3  ところが――時とともに、平等の原則は崩れてくる。
 それまで、動物みんなの合議で運営されていた農場が、いつしか、リーダーを自認する豚たちの手で、何もかも決定されるようになっていった。
 初めはささいな変化だった。全員のためのミルクが、ある朝、こっそり消えたのである。
 やがて真相がわかった。豚たちが、自分のエサにまぜていたのだ。彼らは皆のリンゴも横領していた。豚たちは弁明した。詭弁では、だれもかなわない。
 ――われわれ豚は、リーダーとして頭脳労働をしている。農場の未来は、すべてわれわれ豚の双肩にかかっている。そこで、いやいやながらも、ミルクをたくさん飲み、リンゴを食べて、栄養を取り、諸君の福祉に努めねばならないのだ、と。
 自分たち″豚族″を敬い、大事にしてもらいたい。ミルクとリンゴをかすめとったように見えるかもしれないが――事実そのとおりなのだが――それもすべて農場のためだというのである。
 ひとのいい動物たちは、皆、だまされた。
 いったん、こうなると、あとは歯止めがきかない。豚は″特権階級″になった。
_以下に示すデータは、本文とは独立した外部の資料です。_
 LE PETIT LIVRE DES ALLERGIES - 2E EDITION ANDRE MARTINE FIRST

堕落するのは早かった。人間たちが残した豪華な家で眠り、禁じられている酒を飲み、昼間から酔っぱらっていた。苦しい仕事は、すべて他の動物たちにやらせ、自分たちは何といっても豚なのだから、偉いのだと胸を張った。
 本来、他の人よりも苦労するゆえに、リーダーは尊敬を受ける。大切なのは、立場ではなく行動である。ところが、豚たちは、俺たちは特別なのだから、何もしなくても、また何をしても許され、尊敬されるべきなのだというのである。
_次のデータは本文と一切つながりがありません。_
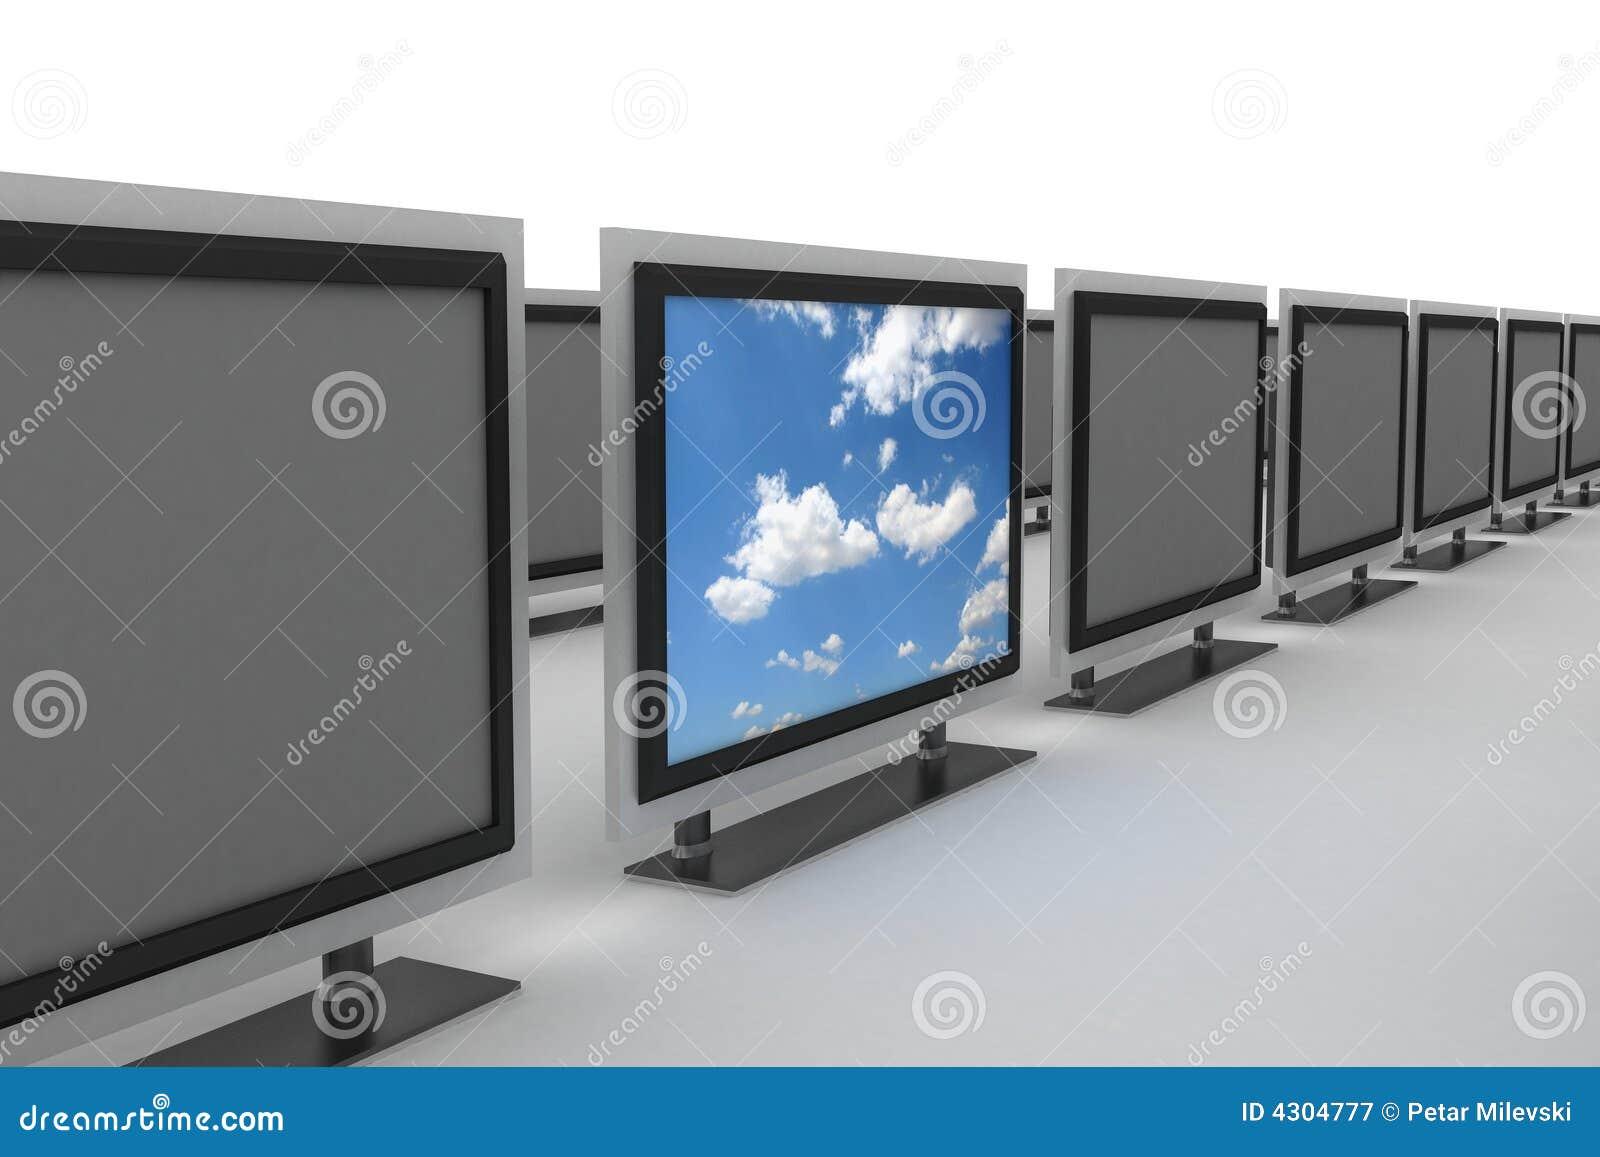 Plasma tv standing out 2 stock illustration  Illustration of

 とうとう彼らは、根本原則の「動物主義」を勝手に修正した。
 「すべての動物は平等である」――このあとに、豚たちは、こっそりと、こう書き加えたのである。「しかし、ある動物(豚のこと)はほかのものよりも、もっと平等である」
 自分たちの都合に合わせて、規約を少しだけ変更する。これが権力のじ常套手段である。よく理解しないと、だまされてしまう。
 その″ほんの少しの変更″が悲劇的結末へとエスカレートしていく。そうなっては手遅れである。悪の芽は早いうちから徹底的に摘まねばならない。
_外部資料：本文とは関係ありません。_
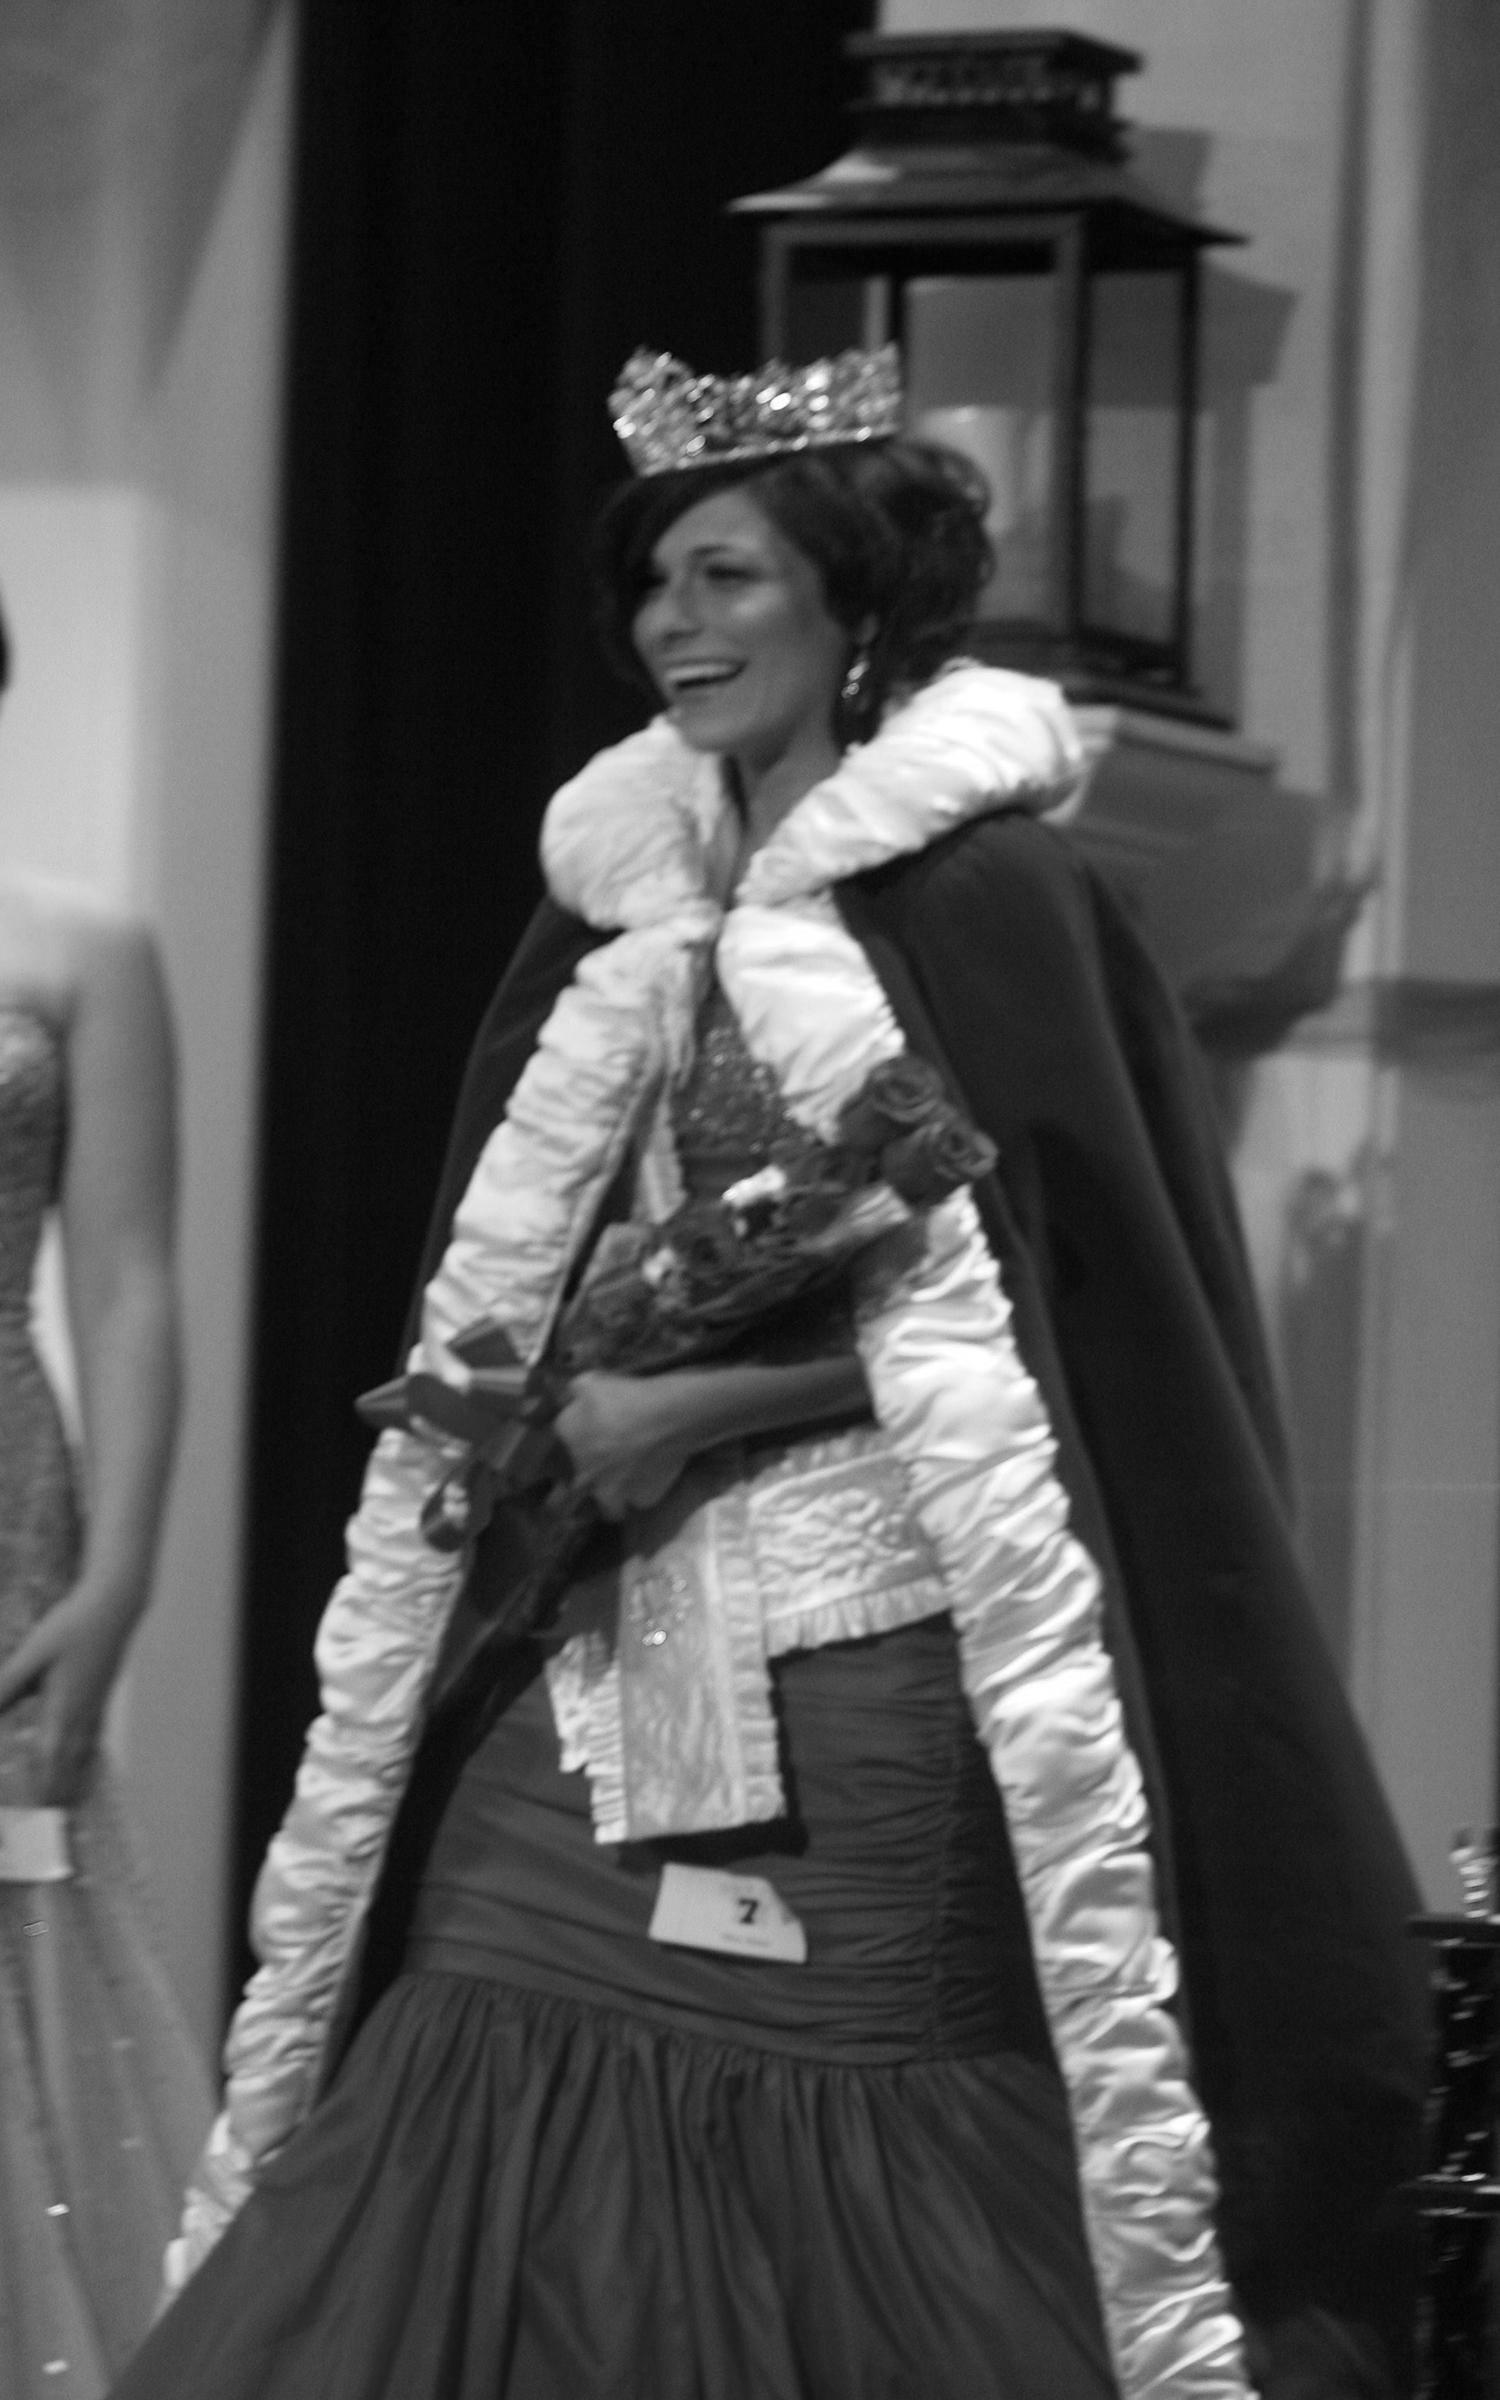 Jessica Schneider Vanover - Miss Buna 2008

 他にも「どんな動物でも酒を飲むべからず」は「どんな動物も過度に酒を飲むべからず」に、「どんな動物もベッドに寝るべからず」は「どんな動物もシーツをかけたベッドに寝るべからず」に、「どんな動物もほかの動物を殺すべからず」は「どんな動物も理由なくしてほかの動物を殺すべからず」に、こっそり書き換えられた。そして豚たちだけが酒を飲み、安楽なベッドに寝、処罰と称して動物を殺した。
4  特権階級になると権力闘争が起こるのは、歴史の常である。学会のように、リーダーが本当に責任と苦労の立場であれば、だれも好んでなりたがるはずがない。(笑い)
 豚たちも権力を争って仲間割れし、一頭のおす豚がライバルを追い出して、絶対的権力をにぎった。彼は「ナポレオン」と名乗っていた(笑い)。彼は″批判″を許さない。命令に従わない者は、徹底的に迫害され、追放された。彼のやり方を疑うこと自体が、不遜な悪とされるにいたった。
 「皆の幸せ」が目的であり、そのためのリーダーであったはずなのに、いつのまにか「リーダーの権威と権力」が目的になってしまっていた。
 しかし、それでも、おひとよしの、また無知な動物たちは、豚たちを信じていた。
 やがて、食糧不足と重労働で動物たちは希望を失っていった。いちばんの働き者で、″革命″を支え続けてきたロバのボクサーも、とうとう体をこわした。
 彼の口癖は「ナポレオンにまちがいはない!」と「わしがもっと働けばよいのだ!」であった。
 彼なくして、動物農場の建設はありえなかった。しかし、だれよりも頑健な彼も、無理に無理を重ねて、ついに倒れた。
 すると――「ナポレオン」は、彼の大功労をねぎらうどころか、皆をだまして、彼をさっさと″食肉処理″の業者に引き渡してしまった。
 もはや「自由と平等の世界」の理想は完全に消えうせた。権力による恐怖の支配だけがあった。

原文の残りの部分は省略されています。